Connections dropping under heavy load



  • We have a carp cluster with pfsense 2.4.4.-p3 using intel gigabit cards i350-P2 (SuperMicro with CPU 12 cores, 16GB Ram)

    When the networks load goes over 30 Mb/s aprox... connections crossing the FWs are dropped randomly... shh disconnects, etc... if we try to reconnect, they work without problem for some seconds or minutes and drops again...

    We have tried all combinations of checksum offloading, TSO, LRO... enabling disabling, etc..., with no better results...

    We have followed the guide tuning-and-troubleshooting-network-cards.html from pfsense with no better results...

    By the way, this problem was not present in old pfsense 2.2.x in this very hardware.

    Any idea, please???

    Thanks!

    P.


  • LAYER 8 Netgate

    That probably has nothing to do with the amount of traffic (30Mb/sec is pretty much nothing) but the number of states.

    What do the state levels look like?



  • Thx @Derelict..

    Values are on average...

    State table size: 2% (30513/1630000)
    and
    MBUF Usage: 1% (28616/2000000)

    i agree 309 Mbps is nothing... :-(

    Thanks!


  • LAYER 8 Netgate

    Do you have State Killing on Gateway Failure checked in System > Advanced, Miscellaneous on either node?

    i agree 309 Mbps is nothing... :-(

    Your OP said 30Mb/sec.



  • @Derelict

    Sorry, a typo... 30Mbps... not 309

    Thanks..


  • LAYER 8 Netgate

    Do you have State Killing on Gateway Failure checked in System > Advanced, Miscellaneous on either node?



  • @Derelict

    State Killing on Gateway Failure is unchecked

    Thanks for you kindness and help Derelict!


  • LAYER 8 Netgate

    On both nodes?

    Well, something is killing the states. The default expiration of an ESTABLISHED:ESTABLISHED TCP connection is 24-hours of zero traffic.
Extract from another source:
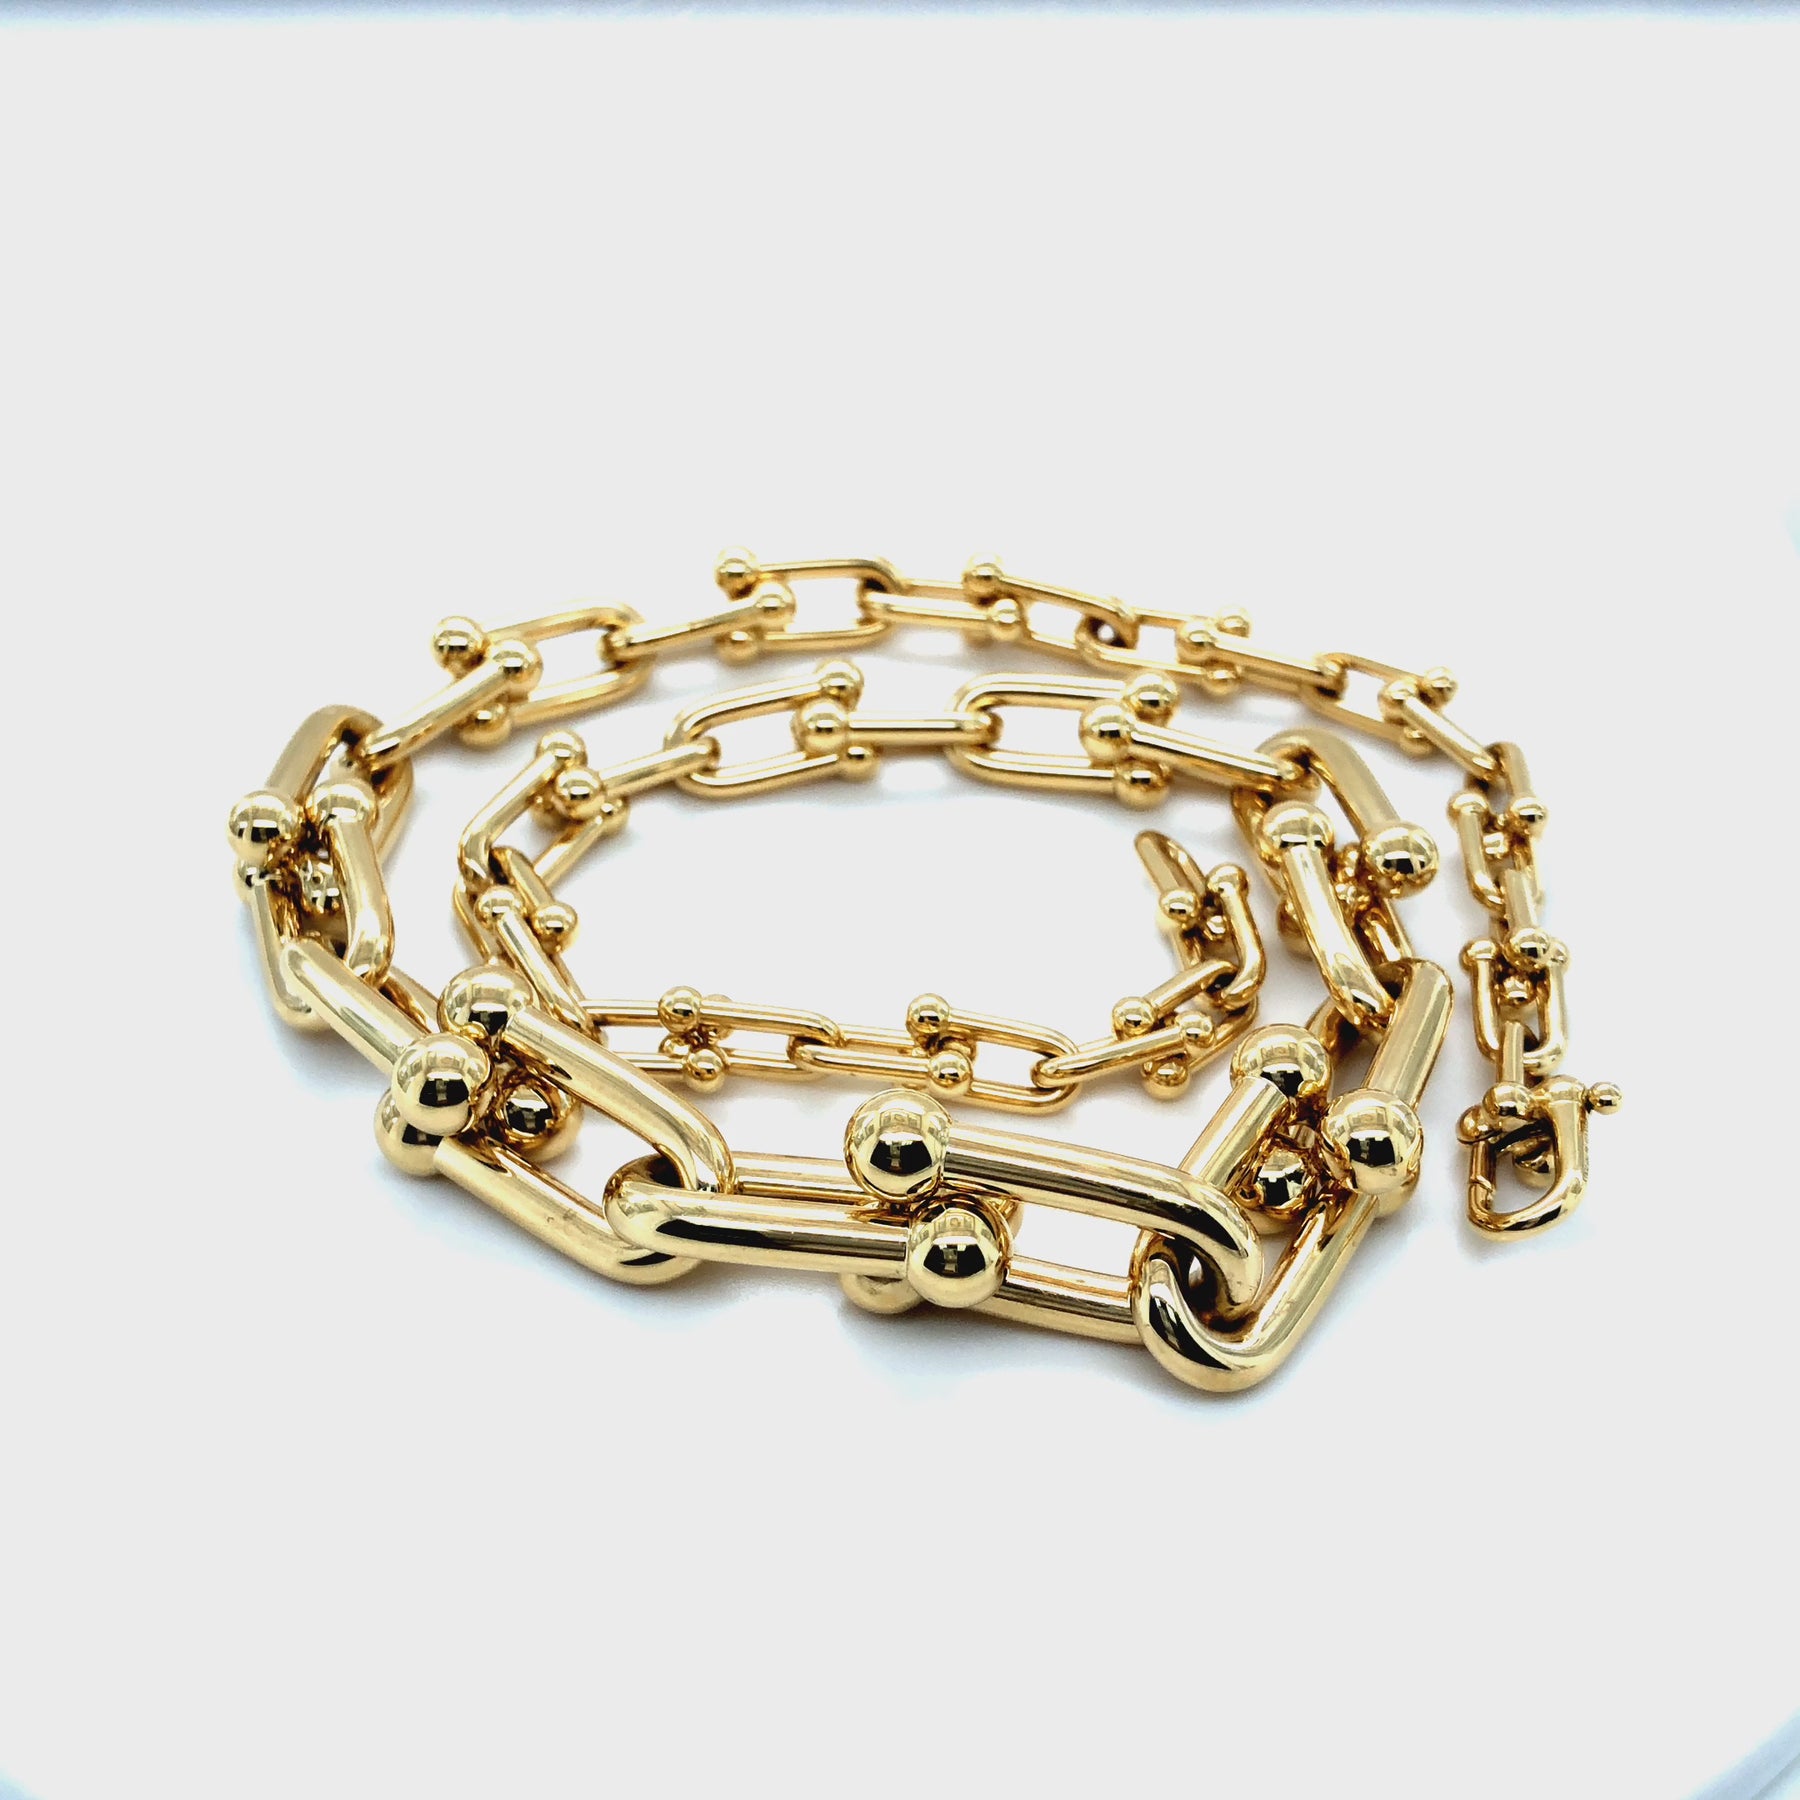 Tiffany Chain Necklace – Paradigm Design

    People sometimes see this when adaptive pruning kicks in but at those state table levels that certainly should not be the case.

    Again, this would have nothing to do with traffic load but something killing the state.



  • @Derelict

    Your words make sense to me... i will dig out in that direction...

    Thanks again!



  • @Derelict said in Connections dropping under heavy load:

    ptive pruning kicks in but at those state table levels that certai

    Derelict,

    Currently i have this values:

    Firewall Maximum States: 1630000

    but

    net.pf.source_nodes_hashsize: 8192
    net.pf.states_hashsize: 32768

    are they correct? should not they be bigger?

    Thanks!


  • Netgate Administrator

    That's the default size and they are never normally an issue.

    One thing you might try here is to disable pfSync on the secondary. It's possible you have an interface mismatch and the secondary is syncing back states onto the wrong interface breaking them.
    If you no longer lose connections with that disabled check the config of both firewalls match exactly.
    Though that would not normally be load related.

    Steve



  • @stephenw10 said in Connections dropping under heavy load:

    That's the default size and they are never normally an issue.

    Thanks Stephen..

    When i do what you suggest the state table grows hugely. and very quickly... is that normal? and gets back to normal if i reactivate pfsync in Secondary.

    i am trying t dig our it it does make any difference....

    Thanks!


  • Netgate Administrator

    How huge? It might be the secondary was killing most states and now it is not...

    How many clients are behind it?

    Steve



  • @stephenw10

    UAU... Stephenw01 very interesting your remark... huge means (on average)... from 25.0000 sudden grow to 150.0000 entries... yes that huge! and back to 25.000 if secondary pfsync is enabled again.

    There are 15 clients behind the pfsense-cluster.

    Why the secondary would want to kill states?

    Thanks!


  • LAYER 8 Netgate

    Besides looking at the numbers of states (what is 150.0000 anyway? Is that one hundred fifty thousand or one million five hundred thousand?) does the issue with your states being killed (ssh sessions dying, etc) go away with pfsync disabled?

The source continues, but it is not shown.